I've been playing with Google Base and also tracking Amazon because I've been trying to find a Book equivalent of last.fm, settled on librarything.com and was looking at the Amazon API, lists and recommendation system. What's interesting in all this is categorization systems for general SKU#s This also got raised in the Microformats group. The underlying problem is that a job, an event, a book, an iPod, a piece of music, and so on, all have different sets of attributes.

So back to Google Base. They've got their own set of top categories. Each category has a set of attributes that can be provided as part of an RSS or Atom upload using namespace extensions (Why isn't Dave Winer all over this? Somebody should tell him.). You can then also provide arbitrary tags that you can use in Google Base searches as pivots. These are kind of like Flickr/del.icio.us tags but the user interface is very different and there's no community feedback at all.

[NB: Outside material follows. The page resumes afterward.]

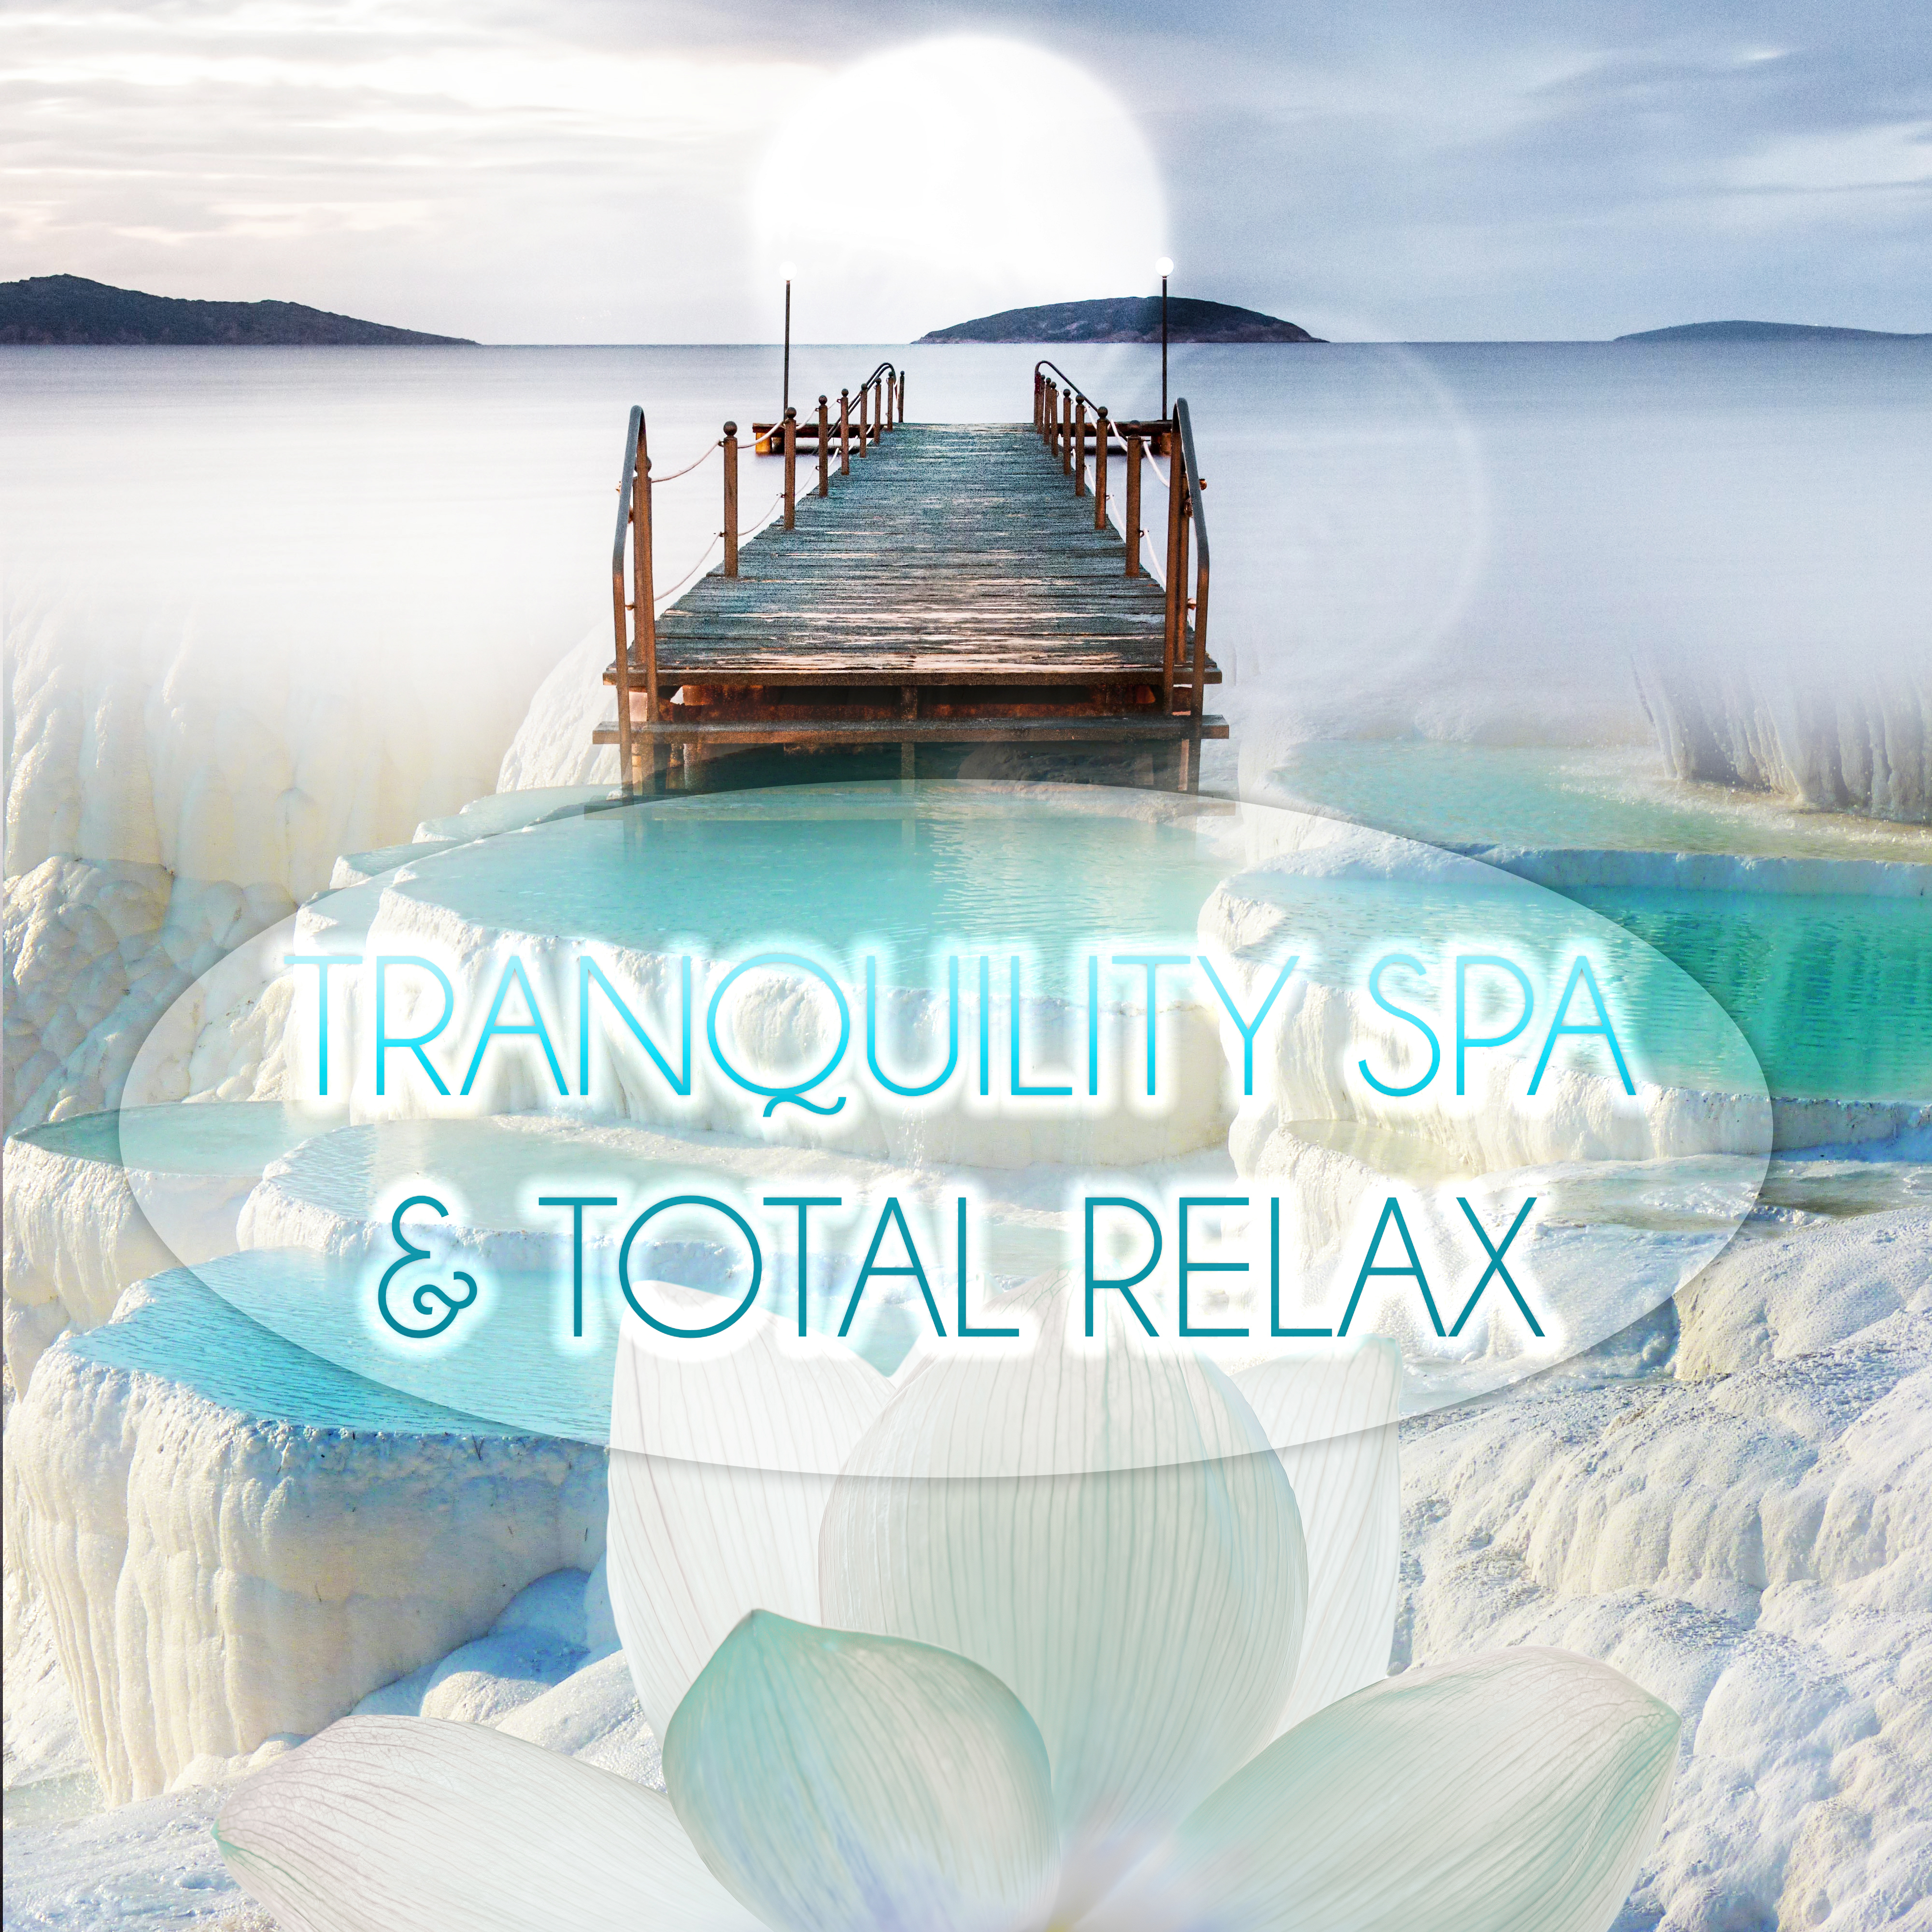 Tranquility Spa & Total Relax - Most Popular Songs for Massage Therapy, Music for Healing Through Sound and Touch, Serenity Relaxing Spa, Piano Music and Sounds of Nature Music for Relaxation
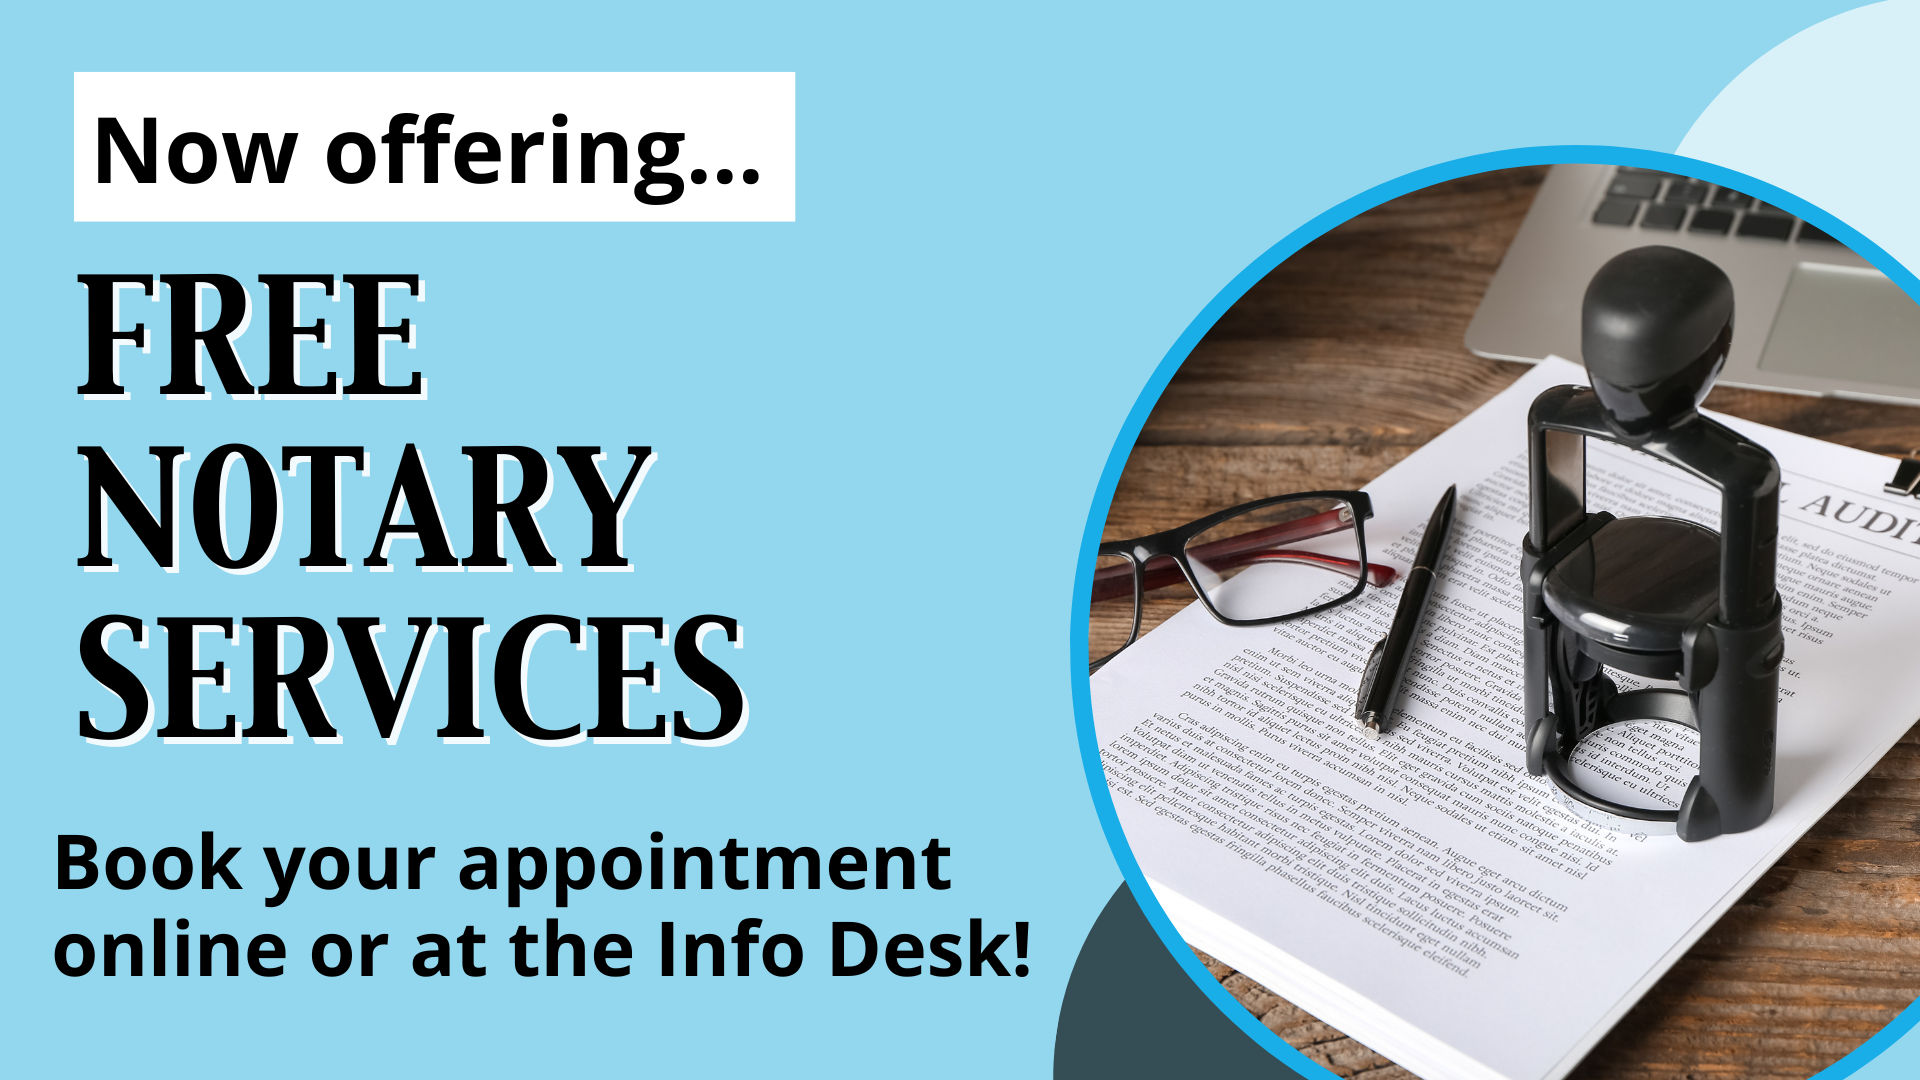 Now offering Free Notary Services Book your appointment online or at the Info Desk

Now, inside Ecademy (and like Tribes) we've got our own copy of Craigslist. We use user-entered tags (unlike Tribes and Craigslist) to navigate these and to avoid me having to constantly maintain a category hierarchy. I'm working on uploading these automatically into Google Base. But if I'm going to do this really effectively I have to duplicate Google's top level categories and category attributes.

And so I finally get to the point. Google, Amazon and eBay with their APIs and uploads are forcing a kind of category imperialism on the rest of us. As much smaller developers, we have to match their category-attribute schemes in our systems or maintain lookup tables of the differences. And I really can't decide if this is a bad thing or a good thing. We do actually need standards for how to describe common SKUs. And the Microformat people could do worse than create an hGoogleJob format to match Google's idea of job. But then you get into the whole issue that Google's descriptions aren't always very good. For instance, they currently only support USA addresses and telephone numbers (surprise!). And Google are pretty much impossible to have a conversation with to try and improve them. There's no standards process here at all. We get to use whatever Google decides with no reference to us.

Much to ponder here.

Separately, Danny Ayers (I think) made a comment (which of course I can no longer find) about OPML, XOXO and RDF. He pointed out that a hierarchy is just a special case of a mesh. And that all real world problems are meshes. I'd take that further, we as humans have a hard time understanding and groking meshes. It's as though they're multi-dimensional when our brains want to work in 3D and preferably in 2D. And we work best manipulating symbols on 2D paper. Which is partly why we insist on reducing complex mesh problems into 2D Hierarchies. And it's why I consider Outliners to be harmful. Somewhere in there is a big thesis on why we seem to like hierarchical command structures that support an Alpha Male. But I digress! One of the things that makes tag based folksonomies interesting is that they represent a way of navigating and understanding multi-dimensional meshes in a 2D user interface.